SELECT DISTINCT ?x ?y ?z
WHERE {
    ?x ?y ?z.
}"""

triple_list = []
qres = g.query(knows_query)
for row in qres:
    triple_list.append([str(row[0]), str(row[1]), str(row[2])])
len(triple_list)

3824

In [4]:
triple_text_list = []
for s,p,o in triple_list:
    s_res = onto.search_one(iri=s)
    if s_res == None : 
        s_triple = s
    else:
        s_triple = s_res

    p_res = onto.search_one(iri=p)
    if p_res == None :
        p_triple = p
    else:
        p_triple = p_res

    o_res = onto.search_one(iri=o)
    if o_res == None : 
        o_triple = o
    else:
        o_triple = o_res
    
    triple_text_list.append([s_triple, p_triple, o_triple])

In [5]:
triple_df = pd.DataFrame(triple_text_list, columns=['S','P','O'])
print('겹치는 트리플 개수 : ', sum(triple_df.duplicated(['S','P','O'])))  
triple_df = triple_df.drop_duplicates(['S','P','O']).reset_index(drop=True) # 중복제거
print('중복 제거 후 트리플 개수 : ', len(triple_df))

겹치는 트리플 개수 :  157
중복 제거 후 트리플 개수 :  3667


In [6]:
p_list = list(onto.object_properties())
p_list.extend(onto.data_properties())
drop_prop_df = triple_df[triple_df.P.isin(p_list)].reset_index(drop=True)

In [7]:
p_dict= {}
for p in onto.data_properties():
    if len(p.range) == 0:
        continue
    ## Literal인 경우
    if p.range[0] == None:
         p_dict[p] = 'Literal_'+str(p)

    ## 다른 type인 경우
    elif hasattr(p.range[0], '__name__'):
         p_dict[p] = p.range[0].__name__+'_'+str(p)
    else:
         p_dict[p] = str(p.range[0])+'_'+str(p)

In [8]:
range_tbox = []
for i, row in drop_prop_df.iterrows():
    s,p,o = row
    # datatype property인 경우
    if p in p_dict:
        range_tbox.append(p_dict[p])
    # object property인 경우
    else:
        range_tbox.append(o.is_a)

In [9]:
tbox_df = drop_prop_df.copy()

tbox_df['domain'] = tbox_df['S'].apply(lambda x:x.is_a)
tbox_df['range'] = range_tbox

tbox_df = tbox_df.explode(['domain'])
tbox_df = tbox_df.explode(['range'])

tbox_df = tbox_df[tbox_df['domain'] != Thing]
tbox_df = tbox_df.astype(str).reset_index(drop=True)

In [10]:
# the number of instance-level triples containing the property of the unit path
dpr_df = tbox_df.groupby(['domain', 'P', 'range'], as_index=False).S.count()

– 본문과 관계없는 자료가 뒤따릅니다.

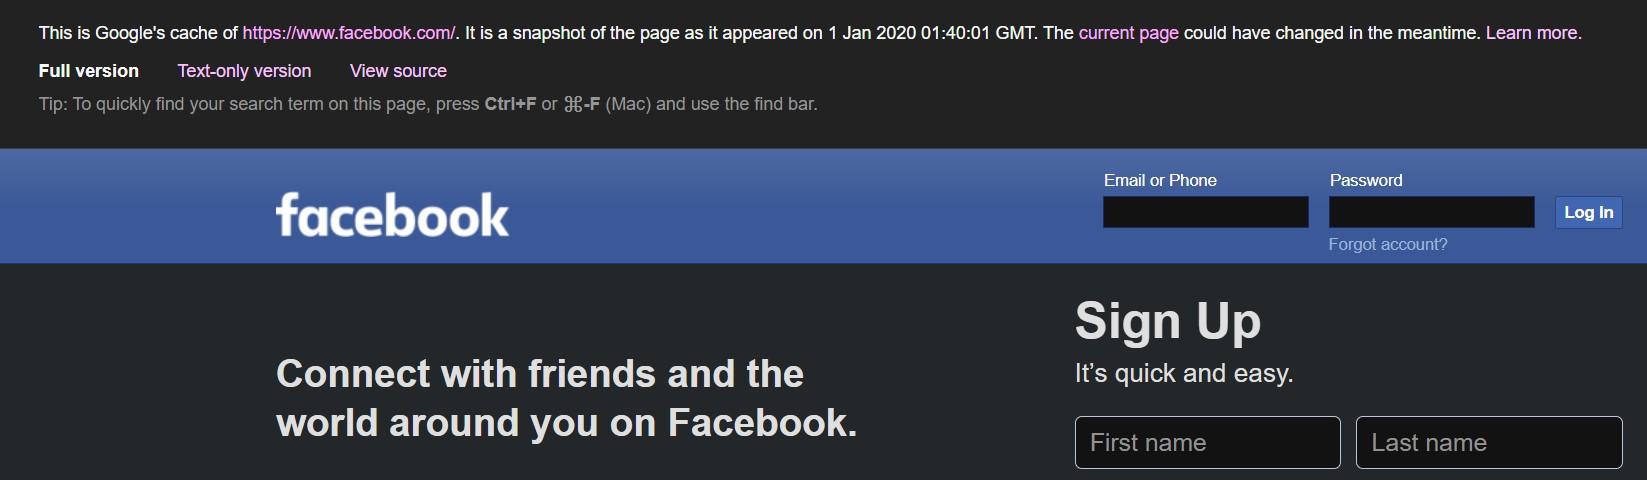 facebook cache

# the total number of triples from domain class to range class
dr_df = tbox_df.groupby(['domain', 'range'], as_index=False).S.count()

weight_df = pd.merge(tbox_df, dpr_df, on=['domain', 'P', 'range'], how='inner', suffixes=('','_dpr'))
weight_df = pd.merge(weight_df, dr_df, on=['domain', 'range'], how='inner', suffixes=('','_dr'))
weight_df['W'] = 1 - (weight_df['S_dpr'] / weight_df['S_dr'])

In [11]:
def subclass(tree):
    global head
    if type(tree) is not list:
        head = tree
        tree = list(head.subclasses())
    for node in tree :
        subclass_paths.append((node, 'rdfs.subClassOf', head, 0.0))
        subclass(list(node.subclasses()))

In [12]:
subclass_paths = []
classes = list(onto.classes())
classes.append(Thing)
for c in classes:
    subclass(c)
subclass_df = pd.DataFrame(subclass_paths, columns=['domain', 'P', 'range', 'W'])

In [13]:
subclass_df = pd.concat([weight_df[['domain', 'P', 'range', 'W']], subclass_df])
subclass_df = subclass_df.drop_duplicates().reset_index(drop=True)

In [14]:
def change_prefix(s):
    s = str(s)
    s_list = s.rsplit('.',1) 

    if config['owl']['path'][:-3] in s:
        s = s.replace(config['owl']['path'][:-3],'skmo:')
    else:
        s = s_list[0] + ':' + s_list[-1]
    return s

In [15]:
final_list = []
for i, row in subclass_df.iterrows():
    s,p,o,w = row
    final_list.append((change_prefix(s), change_prefix(p), change_prefix(o), w))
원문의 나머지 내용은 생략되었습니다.